The shutter 111 is arranged between the photographing lens 102 and the image pickup element 112, and is driven by the shutter control circuit 113 so as to control the exposure time of the light incident from the photographing lens 102.

The image sensor 112 converts the light incident from the photographing lens 102 into an electric signal and outputs an analog image signal. The signal output from the image sensor 112 is subjected to various image processing by the image pickup circuit 114. In the A / D conversion circuit 115, the analog image signal processed by the image pickup circuit 114 is converted into a digital image signal. The drive frequency of the image sensor 112 can be changed for each divided region in the screen, and the drive frequency for each divided region is controlled by the system control circuit 108.

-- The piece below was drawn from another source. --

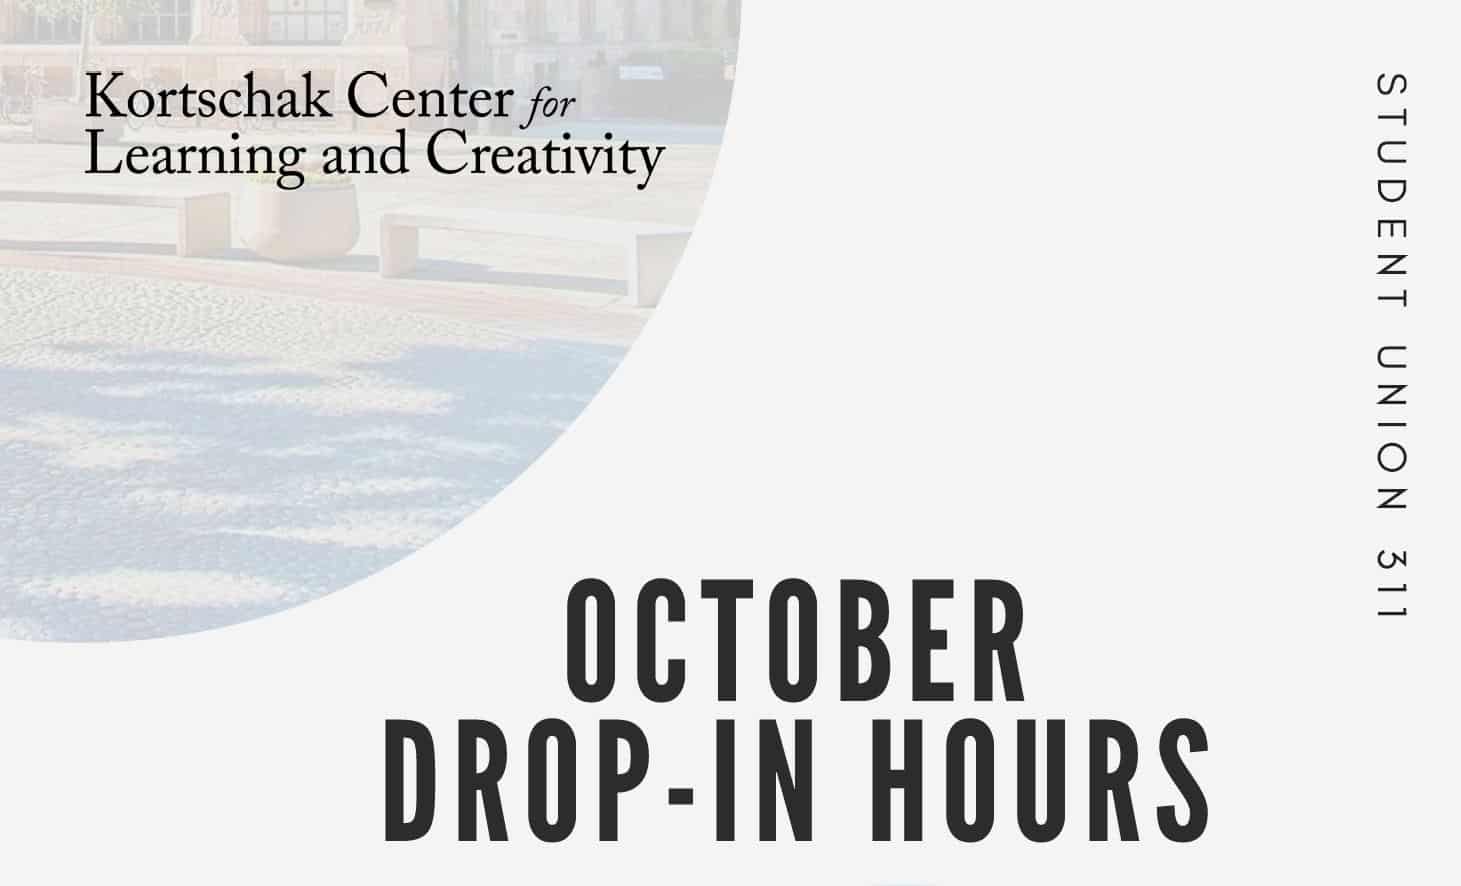 Featured image for “USC Kortschak Center for Learning and Creativity October Drop-In Hours”

The memory 116 is a memory such as a buffer memory that temporarily stores a digital image signal output from the A / D conversion circuit 115. The D / A conversion circuit 117 reads the image signal stored in the memory 116 and converts it into an analog signal, and also converts it into an image signal in a form suitable for reproduction display. The display unit 118 is composed of a liquid crystal display (LCD) or the like, and displays an image signal converted by the D / A conversion circuit 117. The compression / decompression circuit 119 reads the image signal temporarily stored in the memory 116, performs compression processing and coding processing, and converts the image data into image data in a form suitable for storage in the storage memory 120. The storage memory 120 stores image data processed by the compression / decompression circuit 119. Further, the compression / decompression circuit 119 reads the image data stored in the storage memory 120, performs decompression processing and decoding processing, and converts the image data into an image data having an optimum form for reproduction display.

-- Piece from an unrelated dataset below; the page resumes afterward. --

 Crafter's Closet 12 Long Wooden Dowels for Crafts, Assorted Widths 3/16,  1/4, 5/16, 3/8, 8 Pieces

As the storage memory 120, various forms of storage means can be applied. For example, it may be a semiconductor memory such as a flash memory having a card shape or a stick shape that can be attached to and detached from the device, or a magnetic storage medium such as a hard disk or a flexible disk.
The AE processing circuit (automatic exposure processing circuit) 121 performs automatic exposure (AE) processing using the image signal output from the A / D conversion circuit 115. The exposure change at this time is controlled by the system control circuit 108. Further, the AF processing circuit 122 performs autofocus (AF) processing using the image signal output from the A / D conversion circuit 115.

The timing generator (hereinafter, TG) 123 generates a predetermined timing signal. The sensor driver 124 drives the image sensor 112 based on the timing signal from the TG 123.
The EEPROM 125 is an electrically rewritable read-only memory in which programs for performing various controls and data used for performing various operations are stored in advance. The RAM 130 is used to expand the program stored in the EEPROM 125 so that the system control circuit 108 can execute it. It is also used as a work area of the system control circuit 108.

The flicker detection circuit 126 receives the output image signal from the A / D conversion circuit 115, detects the presence or absence of flicker from the brightness fluctuation in the screen, and calculates the generation cycle of the detected flicker.

Next, FIG. 2 is a flowchart showing the overall operation flow of the digital camera 100 of the present embodiment.

In S201, power is supplied to each part of the camera when the user turns on the main power switch included in the operation SW110.

In S202, the system control circuit 108 instructs the shutter control circuit 113 to shift the shutter 111 to the open state, and guides the light through the image pickup lens 102 to the image sensor 112. In S203, the system control circuit 108 starts the exposure of the image sensor 112.

In S204, the system control circuit 108 performs display control. Specifically, the light incident from the photographing lens 102 is photoelectrically converted by the image sensor 112, and the converted electrical signal is subjected to various image processing by the image pickup circuit 114 to generate an image signal. After that, the analog image signal is converted into a digital image signal by the A / D conversion circuit 115, and is temporarily stored in the memory 116. The stored digital image signal is converted into an analog image signal again by the D / A conversion circuit 117 and displayed on the display unit 118.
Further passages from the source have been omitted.